Monday, July 31, 2006

From Jorge Luis Borges's "The Immortal" (Commonplace Book)

I had made my way through a dark maze, but it was the bright City of the Immortals that terrified and repelled me. A maze is a house built purposely to confuse men; its architecture, prodigal in symmetries, is made to serve that purpose. In the palace that I imperfectly explored, the architecture had no purpose. There were corridors that led nowhere, unreachably high windows, grandly dramatic doors that opened onto monklike cells or empty shafts, incredible upside-down staircases with upside-down treads and balustrades. Other staircases, clinging airily to the side of a monumental wall, petered out after two or three landings, in the high gloom of the cupolas, arriving nowhere. I cannot say whether these are literal examples I have given; I do know that for many years they plagued my troubled dreams; I can no longer know whether any given feature is a faithful transcription of reality or one of the shapes released by my nights. This City, I thought, is so horrific that its mere existence, the mere fact of its having endured -- even in the middle of a secret desert -- pollutes the past and the future and somehow compromises the stars. So long as this City endures, no one in the world can ever be happy or courageous.

Sunday, July 30, 2006

Why Grant Morrison's Magneto Sucks

On the comic geek speak forum a contributor, having read my blog, noted that I thought the third X-Men film was very very bad. Matt S, responding, dismissed me with "This is the guy who would rate Morrison deficating [sic] in a sack to be 'a brilliant piece of genius layered with meta-textual depth.'" He put a smile face after he said it. Several other people on the forum said how funny they thought that was, and I realized that this is the kind of thing people find funny if they think it's true. It's not true, but I know the impression comes from my trying to keep things positive. To use the Auden quote again, you get people to stop eating boiled cabbage by giving them new, good food rather than telling them that boiled cabbage is terrible. But because I have lost some credibility with people who think I can't say a bad thing about a great writer, I have decided to discuss Grant Morrison's greatest failure: his Magneto.

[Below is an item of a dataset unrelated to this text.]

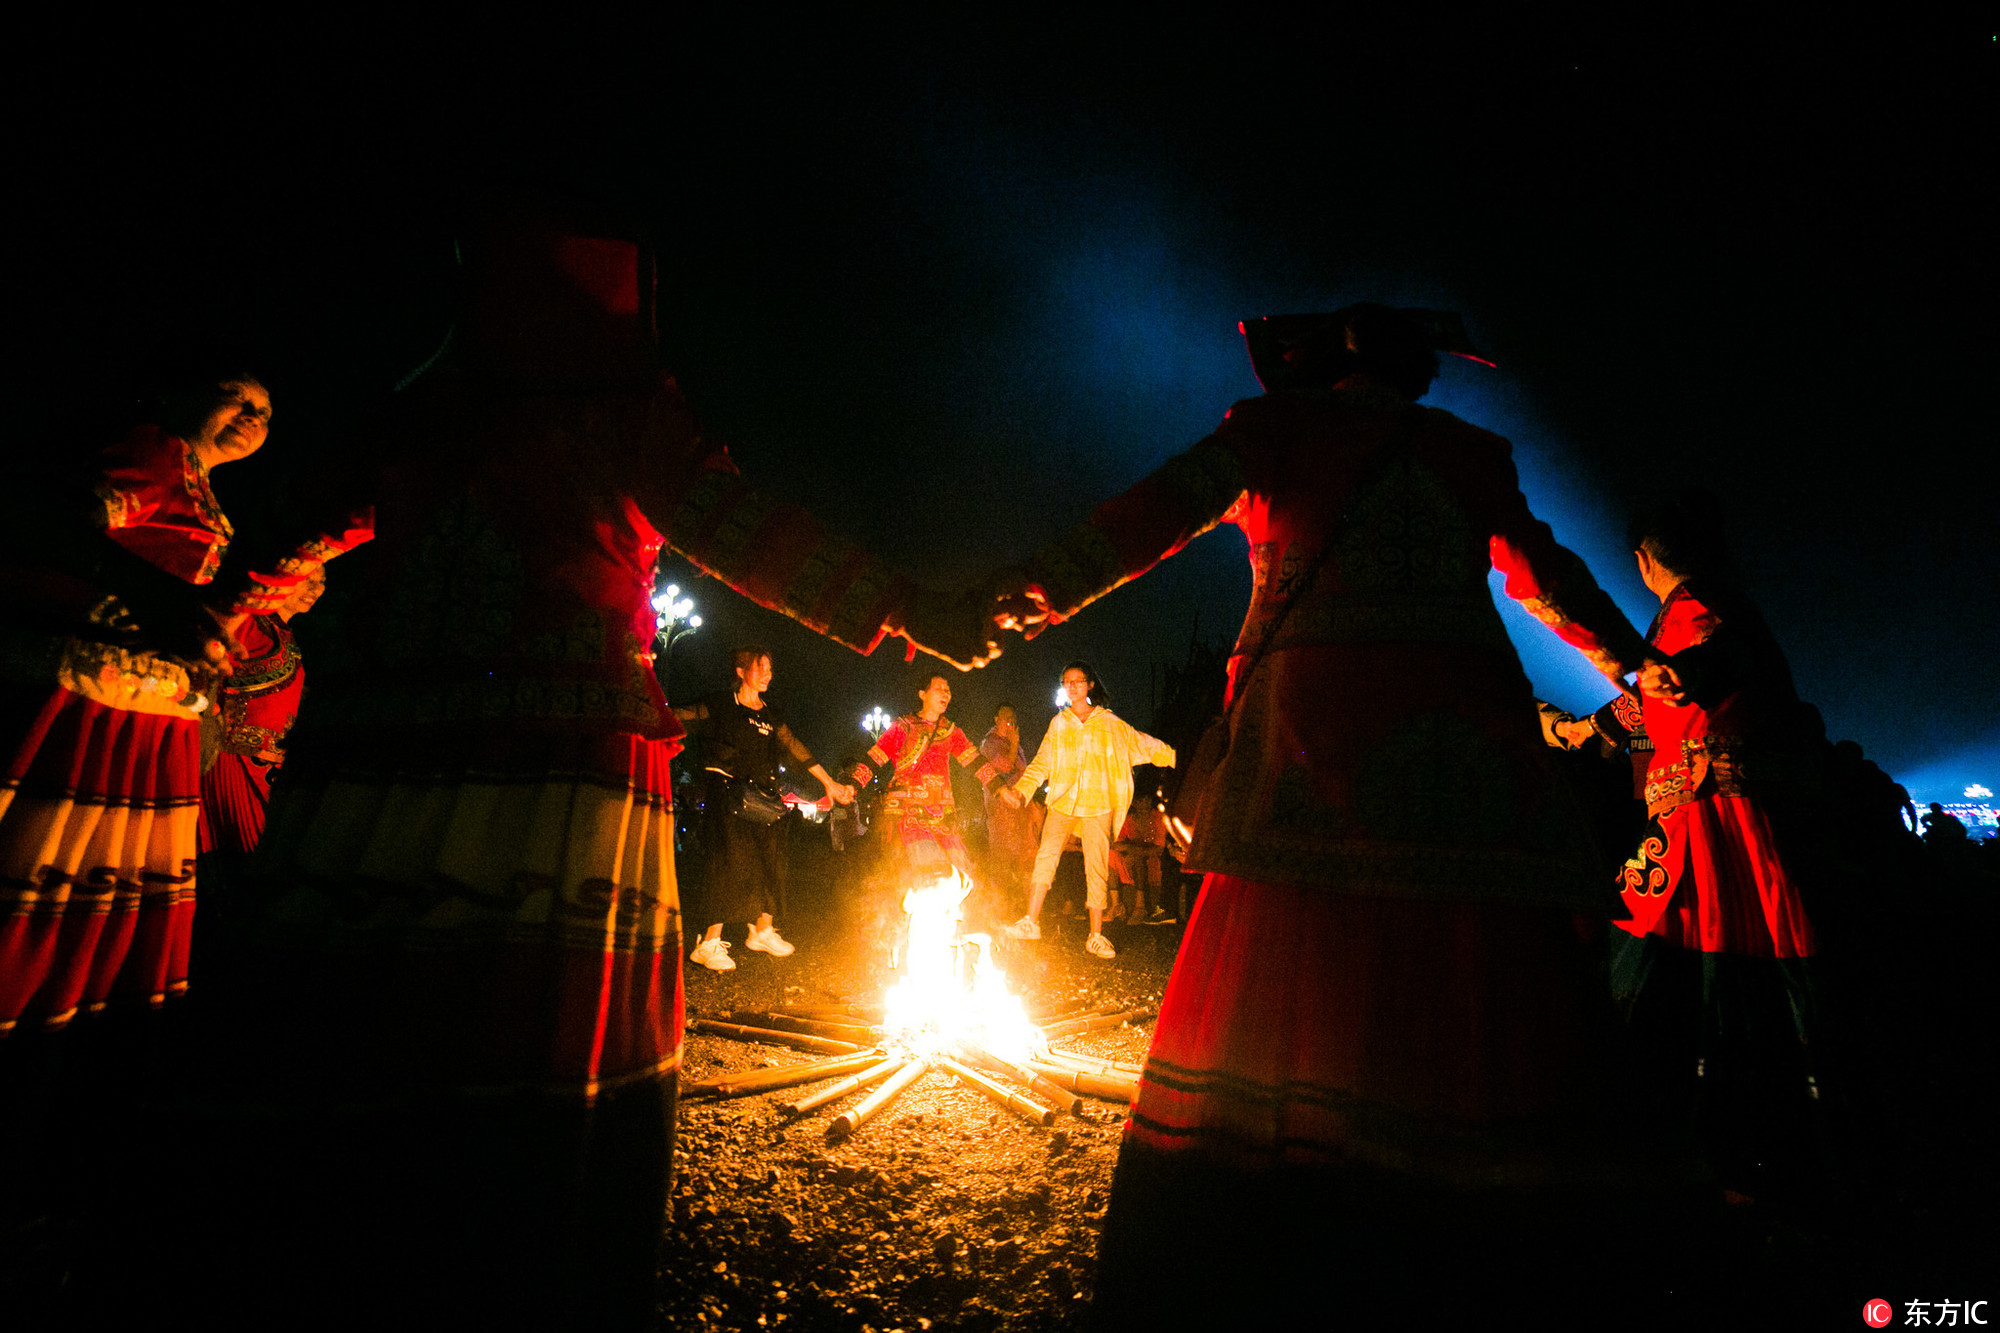 当日是彝族传统节日火把节,上万名彝族和其他民族同胞汇聚到贵州省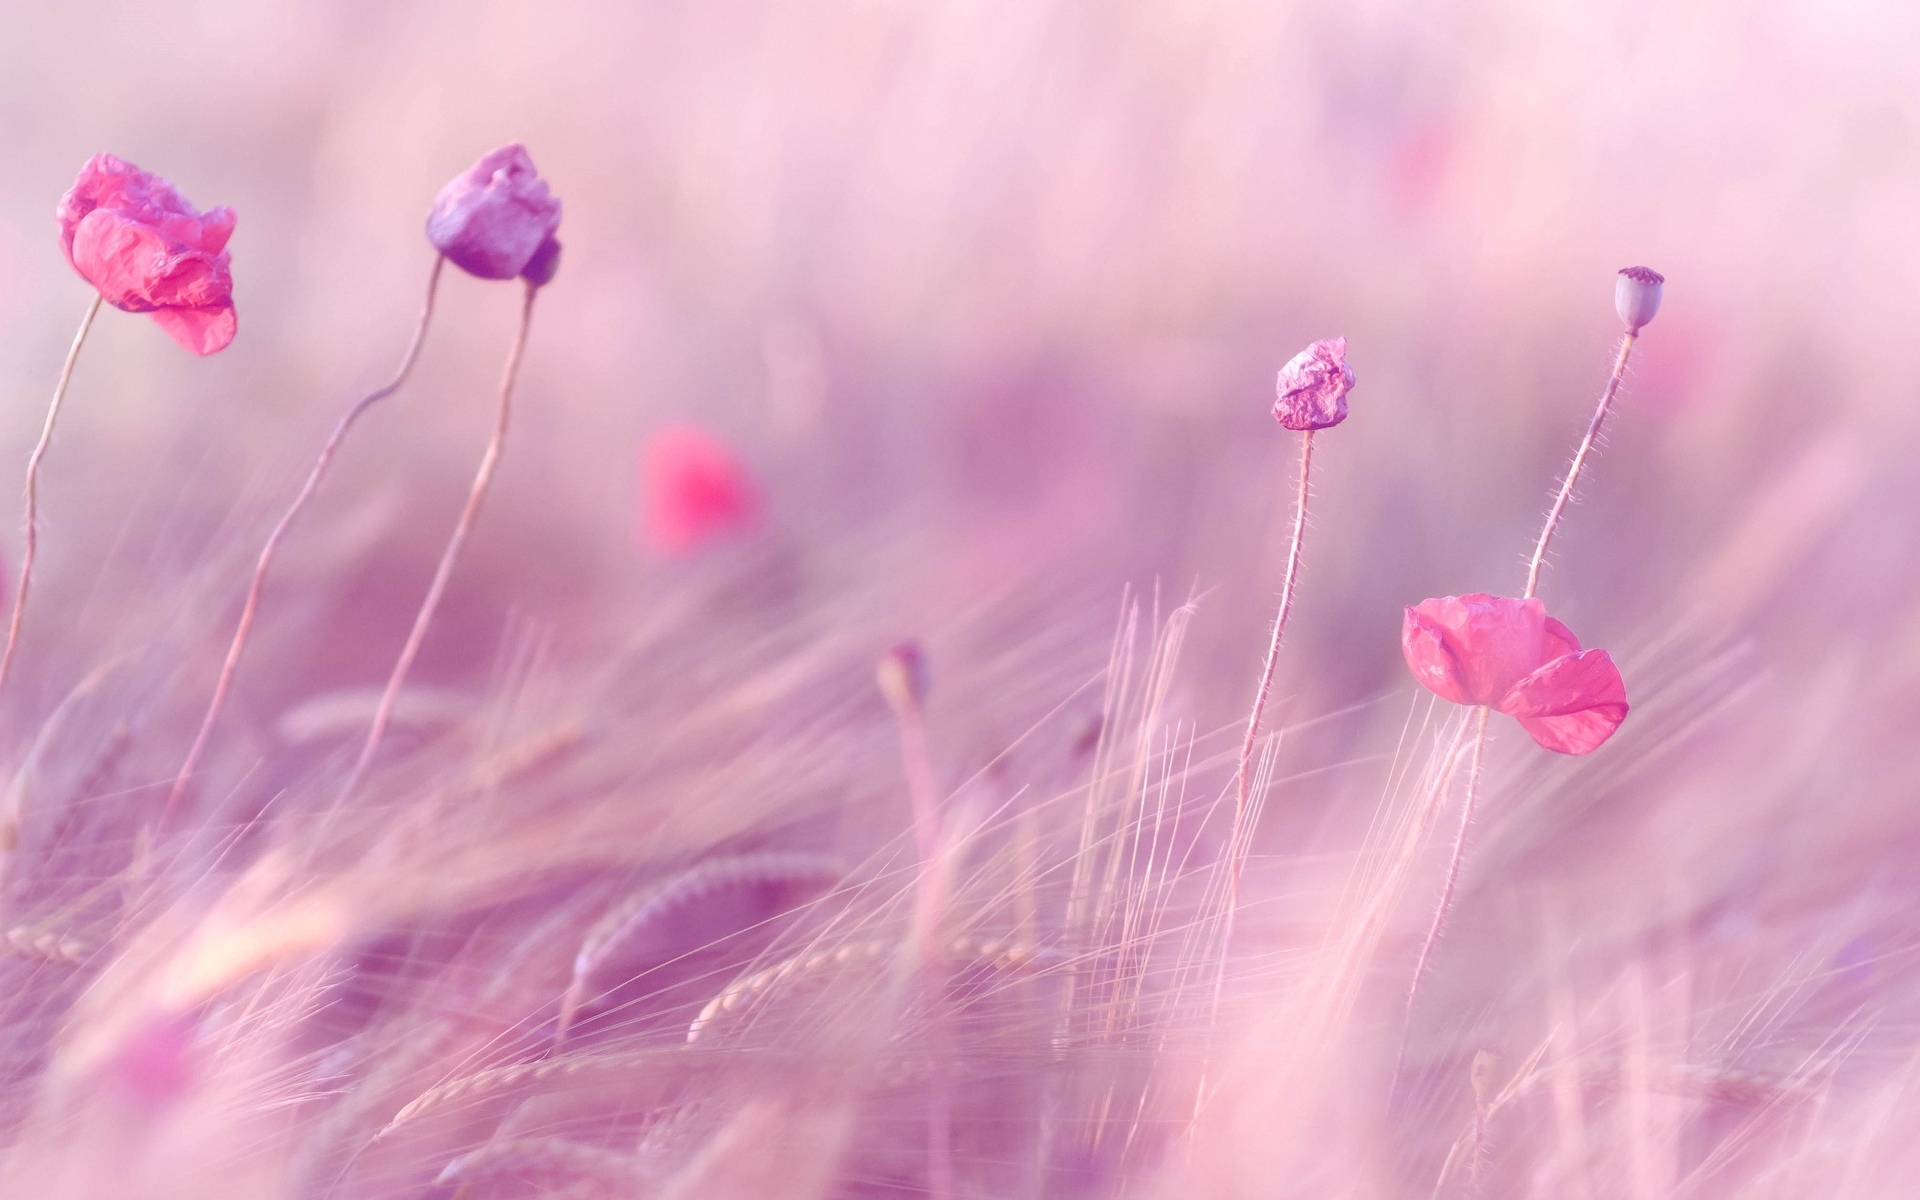 Bạn yêu thích màu hồng tím đầy quyến rũ và gợi cảm? Hãy xem ngay hình nền hồng tím đầy sức sống và sinh động, giúp bạn thăng hoa tinh thần và tận hưởng những ngày đẹp tràn đầy niềm vui.

Magneto is a fantastic and sympathetic super-villain. Superhero comics ride a thin line between the serious and ridiculous and are best when they pull off both. Magneto, as a holocaust survivor in a purple cape and helmet, as a man who fights for the rights of the disenfranchised by killing people with bits of levitating metal, fits the bill flawlessly. One of the things that makes Magneto great, I think, is that, while he is the great X-Men villain, his powers are not a kind of simple mirror image of our heroes: he is not the Dr. Doom to Professor Xavier's Reed Richards (genius vs. genius); he is not the Lex Luthor to Professor Xavier's Superman (brain vs brawn). He controls metal. Xavier controls minds. The lack of symmetry is refreshing and authentic -- it has the ring of truth, in an odd way.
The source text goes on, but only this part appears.